A later disagreement over mowing the lawn per my instructions led to a cancellation of his little field trip with his fair Fraulein. We parted ways concerning the alteration of the truth. Thus, my socks were granted a reprieve. For today.
But the issue of interest here is that he asked at all. After all, if you are under 21 and living in our house, there is a one-sided understanding that what's ours is really yours. For free. At any time. Without need of something as outdated as permission. In fact, once you utilize the item in whatever abusive manner you see fit, you simply toss said item in with the detritus of your bedroom or bathroom and allow it to disappear. Further, you will promptly lose all conscious memory of ever having had the item in your possession for any length of time.

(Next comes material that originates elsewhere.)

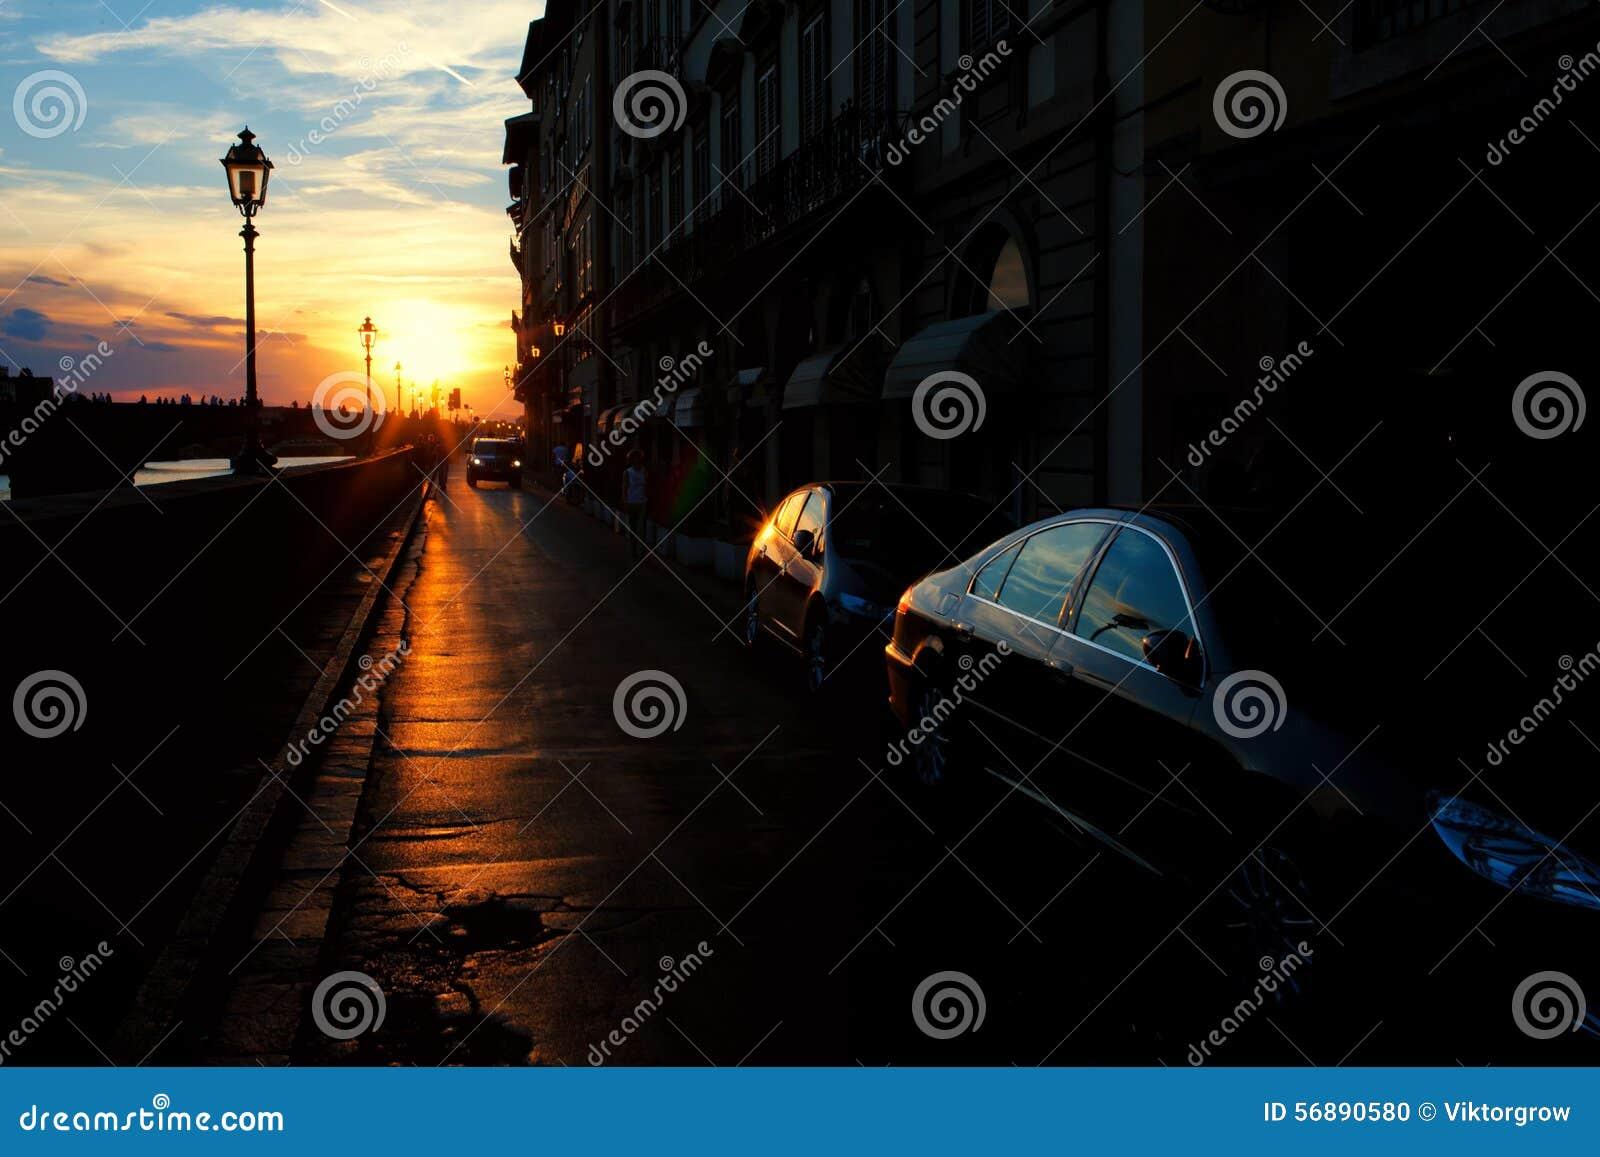 Via di Firenze con le riflessioni sulle macchine al tramonto

Indeed, your amnesiac state may keep you from recalling the piece of personal property ever took up space in the home you are allowed to enjoy with free room and board under the gracious allowance of your parents. Parents who are understandably confused to discover the _________ (fill in blank with any of the following on, but not limited to, this list: shampoo, razors, brush, hair gel, toothpaste, underwear, t-shirts, shoes, earrings, iPod, CD's, pillow, blanket, favorite pen, gum, dollars and cents, restaurant leftovers hidden in the darkest deepest corner of the fridge, the last 'I-have-dibs-on-this' piece of last night's dessert, bicycle, car keys, belly button lint, magazine, iTunes card, ink in the printer, Victoria's Secret Free Undies offer, BOGO Hastings movie rental coupon, stamp, and -- YES -- socks) inexplicably absent from it's everyday resting place.

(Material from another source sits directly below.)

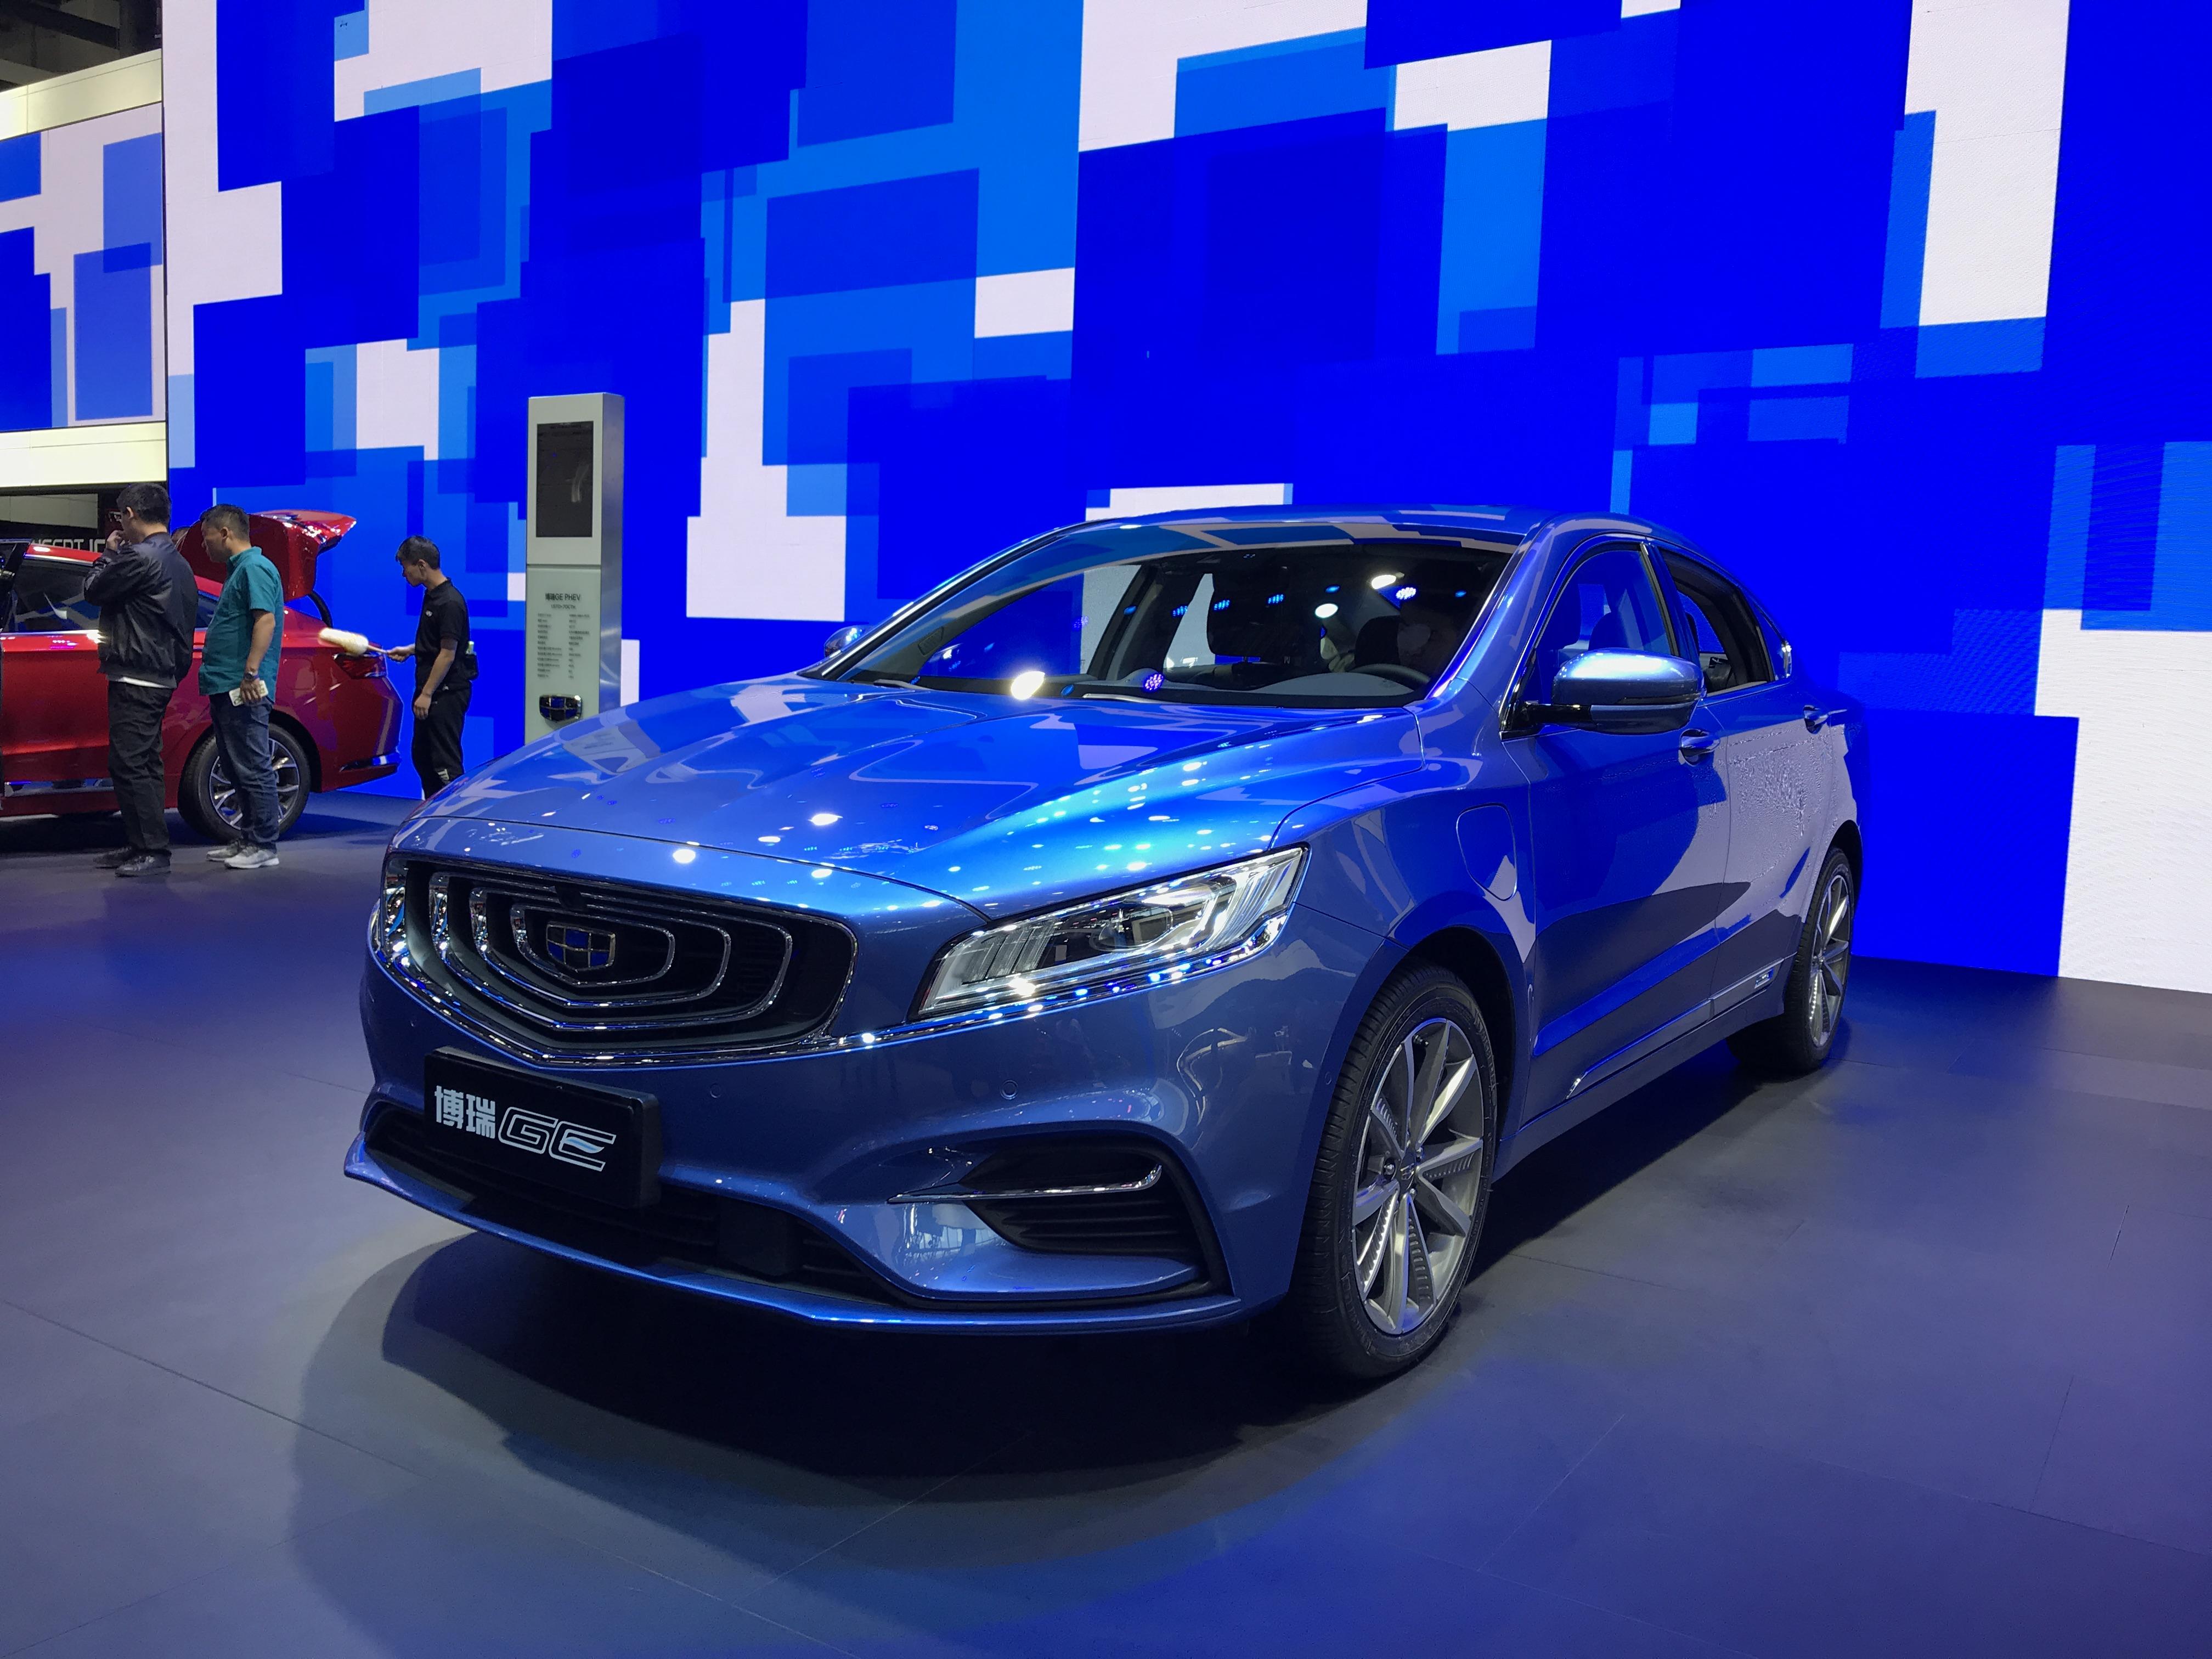 70283d84d صناعة السيارات في الصين - ويكيبيديا، الموسوعة الحرة

In retaliation, I initiated a campaign of hide n' seek. But in my first race out of the gate, I stalled. Misplacing my eldest daughter's shampoo and conditioner in my shower and awaiting her frantic last-minute towel-wrapped search worked exactly once. I noticed the second time around the containers remained on the ledge for over a week. My products were untouched. So what was she using? Had she seriously not washed her long tresses in the past seven days?! Nope. Turns out she found empties which weren't quite as empty as she thought. Wow! No need to walk the extra thirty steps or so to retrieve them from my 'expansive' bed n' bath suite.
I still think I've hit on a good idea. The rare good idea. It just needs tweaking. I need to develop that carelessly casual attitude required of all expert shoplifters, er, home borrowers. Shampoo yesterday . . . cell phones tomorrow?